There is a third growth approach, however, which is a kluge of organic growth and acquisition strategies; I rarely see this option used by any organization.

This involves building a brand or culture “@home” and transplanting it in the business acquired. If an organization has been successful in creating a culture around serving customers, for example, they would look to buy a company with significant growth potential and transfer their customer focused culture to it.
They would treat other common core competencies such as technological and strategic fit as secondary considerations.

Richard Branson is a good example of a leader who has been successful doing this. He developed a customer centric culture @home and then applied it to new businesses he bought but had no prior experience in.
For example his music business spawned his customer focus competency which he then applied subsequently to the many different businesses he acquired.

It makes sense.

Any business requires a strong customer bias to be successful.

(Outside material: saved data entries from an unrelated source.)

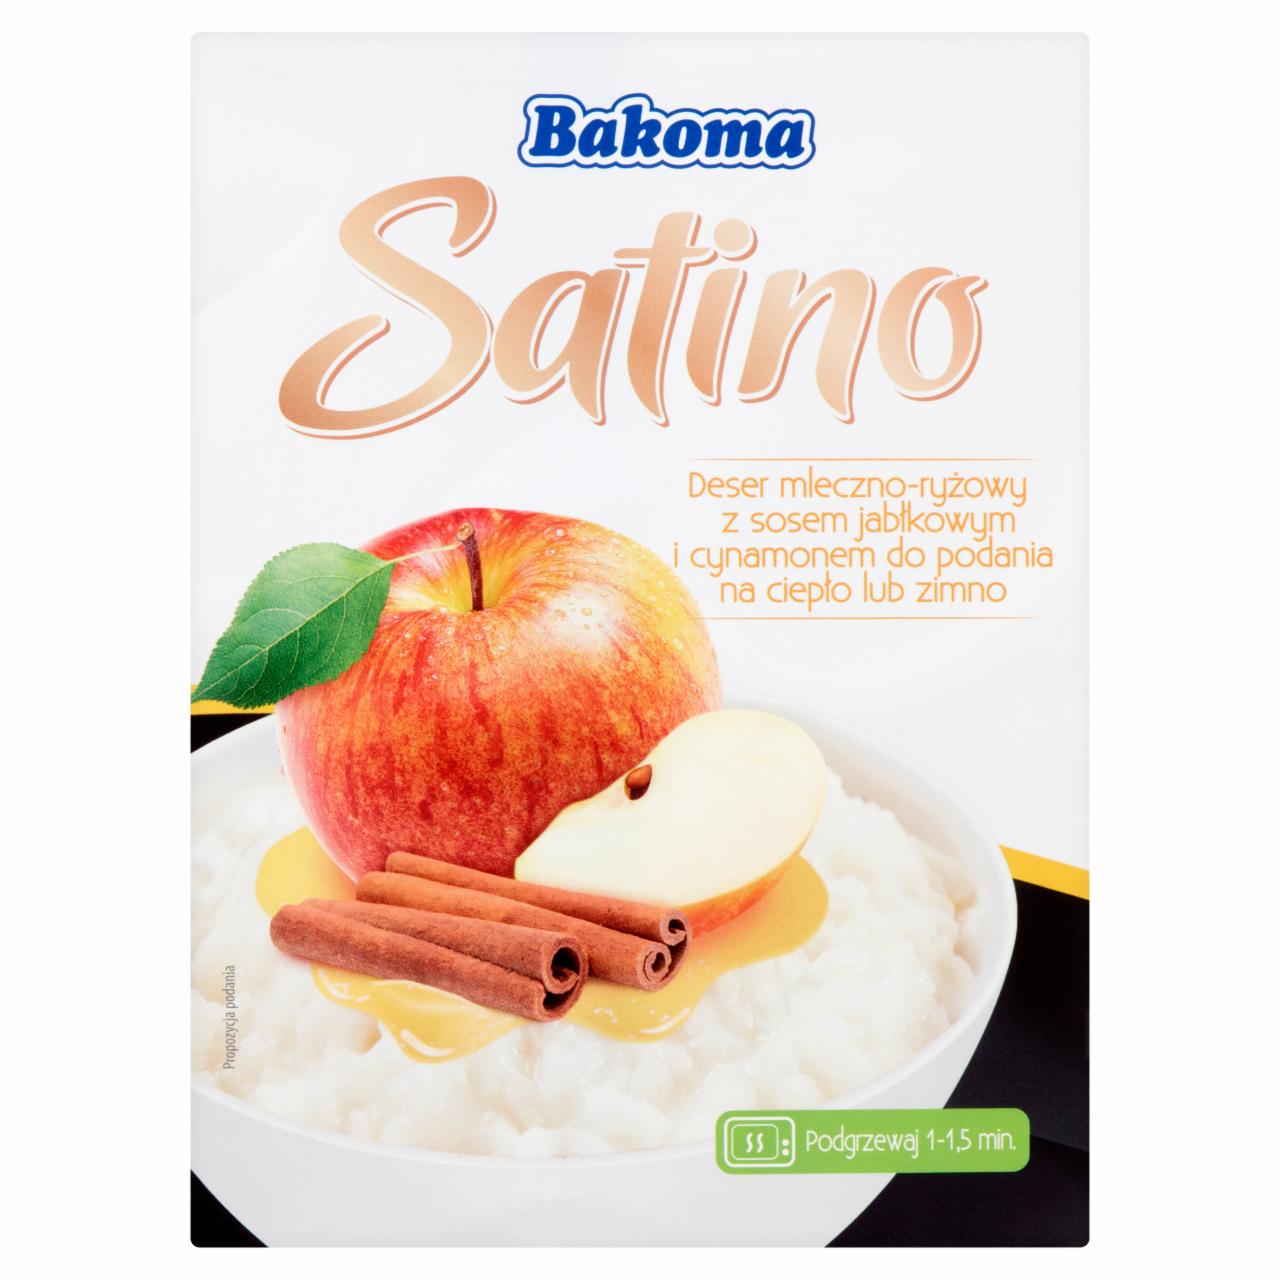 Zdjęcia - Bakoma Satino Deser mleczno-ryżowy z sosem jabłkowym i cynamonem 300 g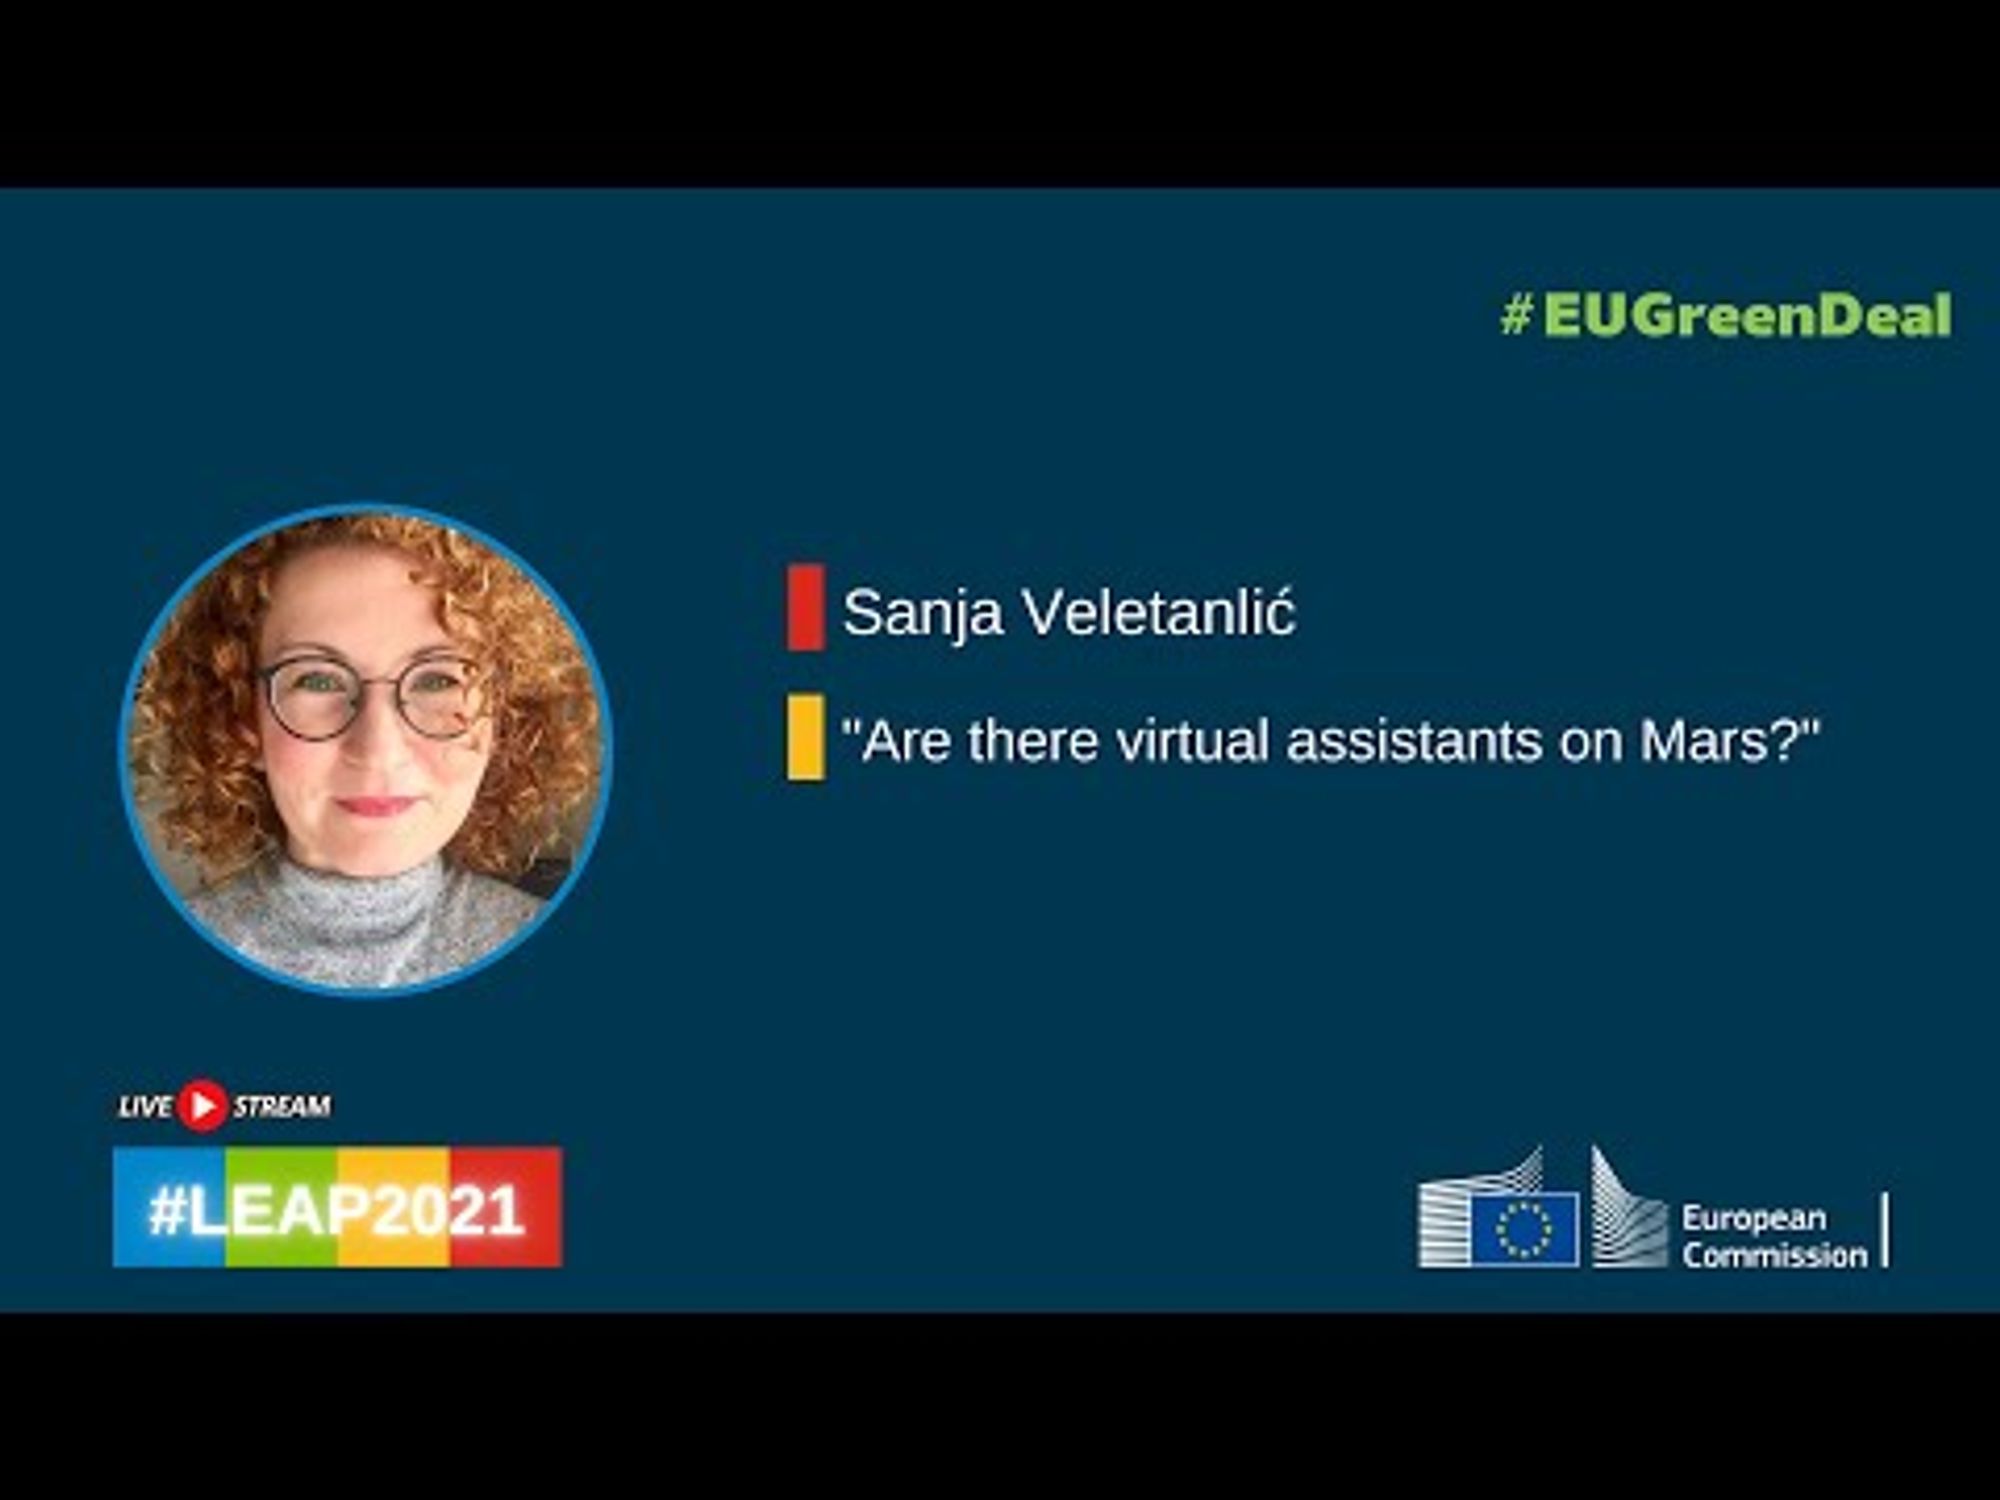 Sanja Veletanlić - Are there virtual assistants on Mars?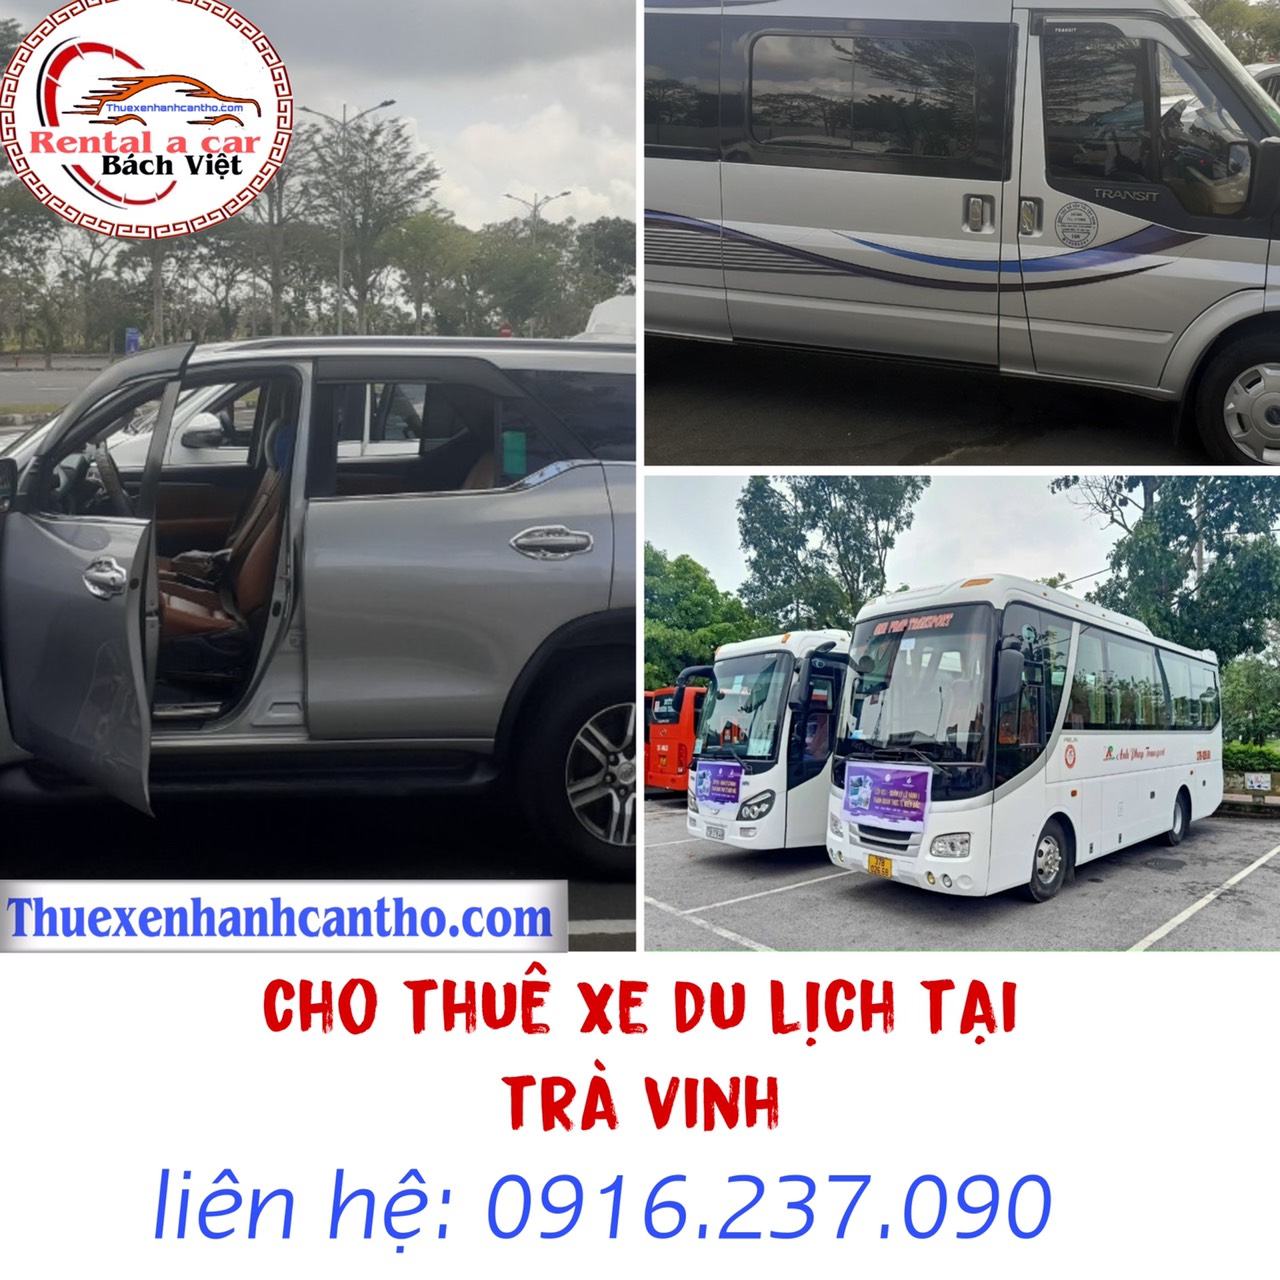 Cho thuê xe du lịch tại Trà Vinh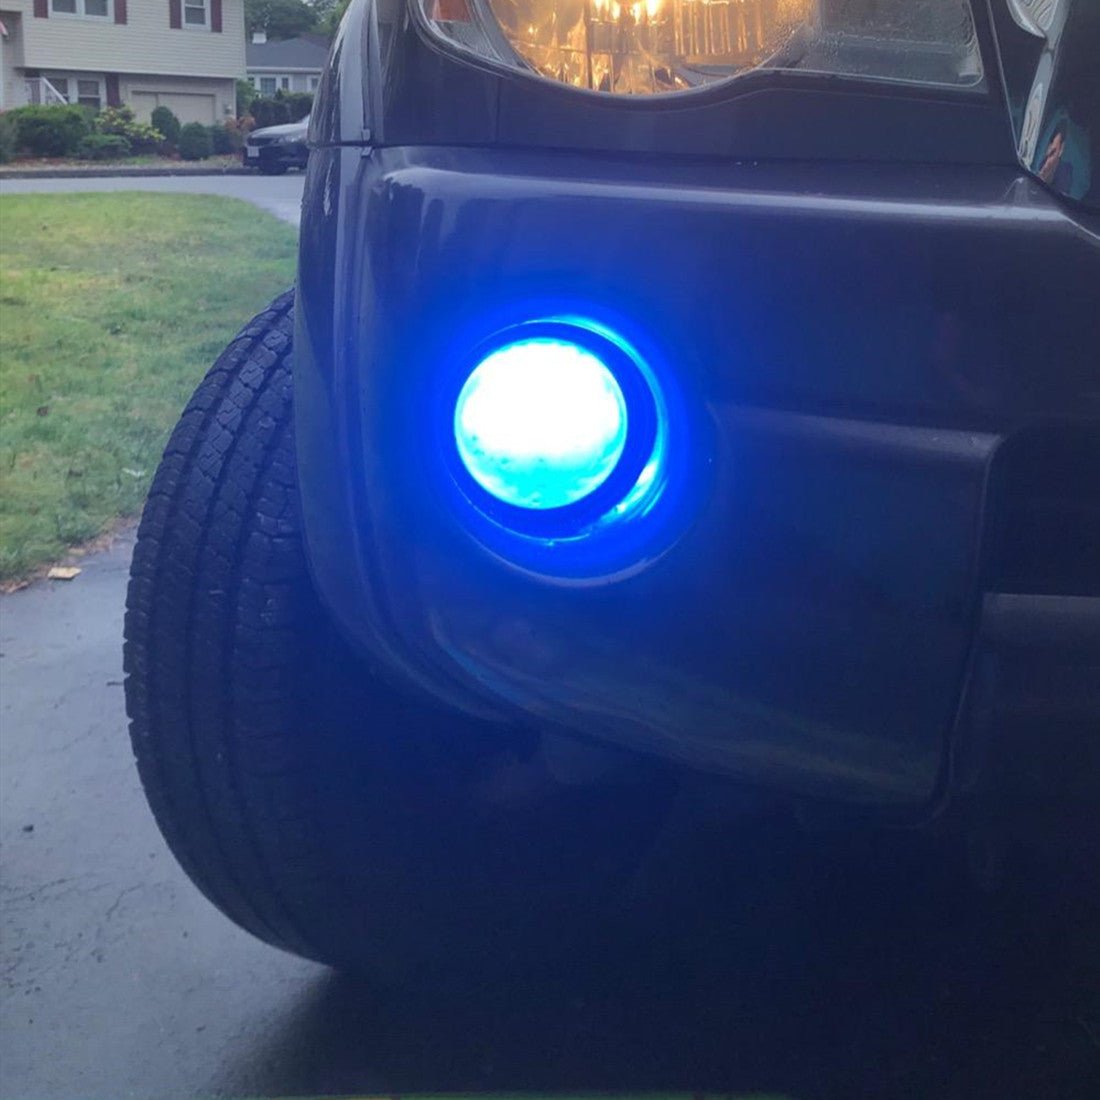 894 896 881 LED Fog Lights Bulb 12V Replacement for Cars, Trucks -Alla Lighting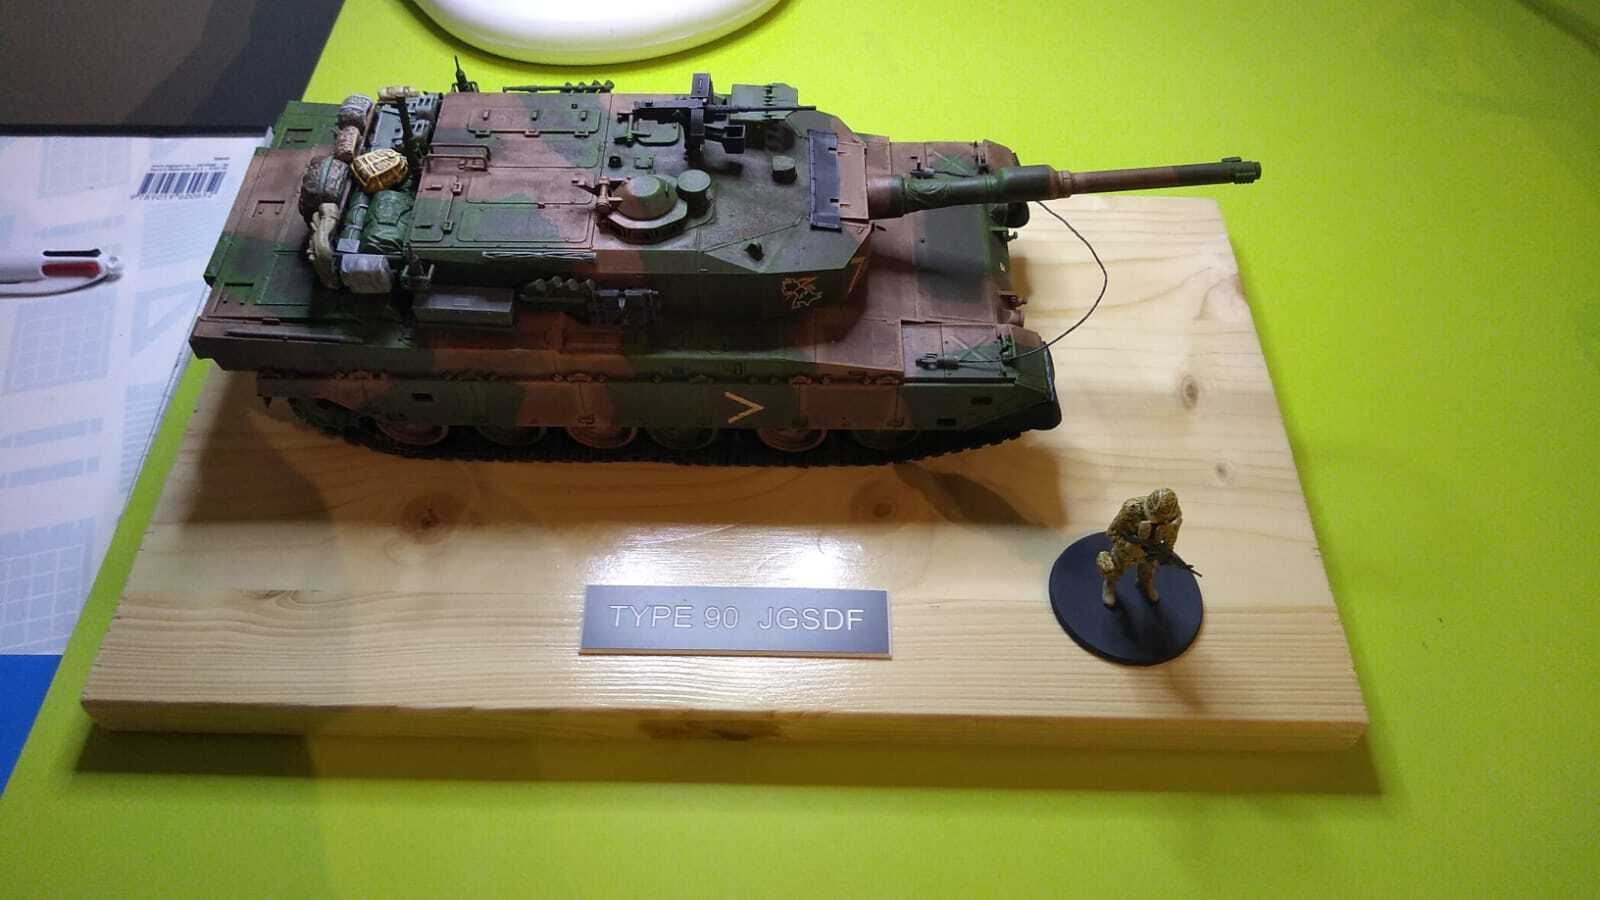 [Convoi] Type 90 MBT et ARV Tamiya + Etokin Model - Page 2 Zmd9

Incubate it in your own (semi-controlled) environment and then replicate it in the businesses you acquire.

There are three huge benefits of this “culture transplant” approach.

1. Your competitive advantage is scaled and multiplied across all businesses you buy.

2. Business integration risks are reduced as cultural differences are less of a factor.

3. The time to realize acquisition synergies is shortened as critical barriers to execution such as structure and employee engagement are minimized.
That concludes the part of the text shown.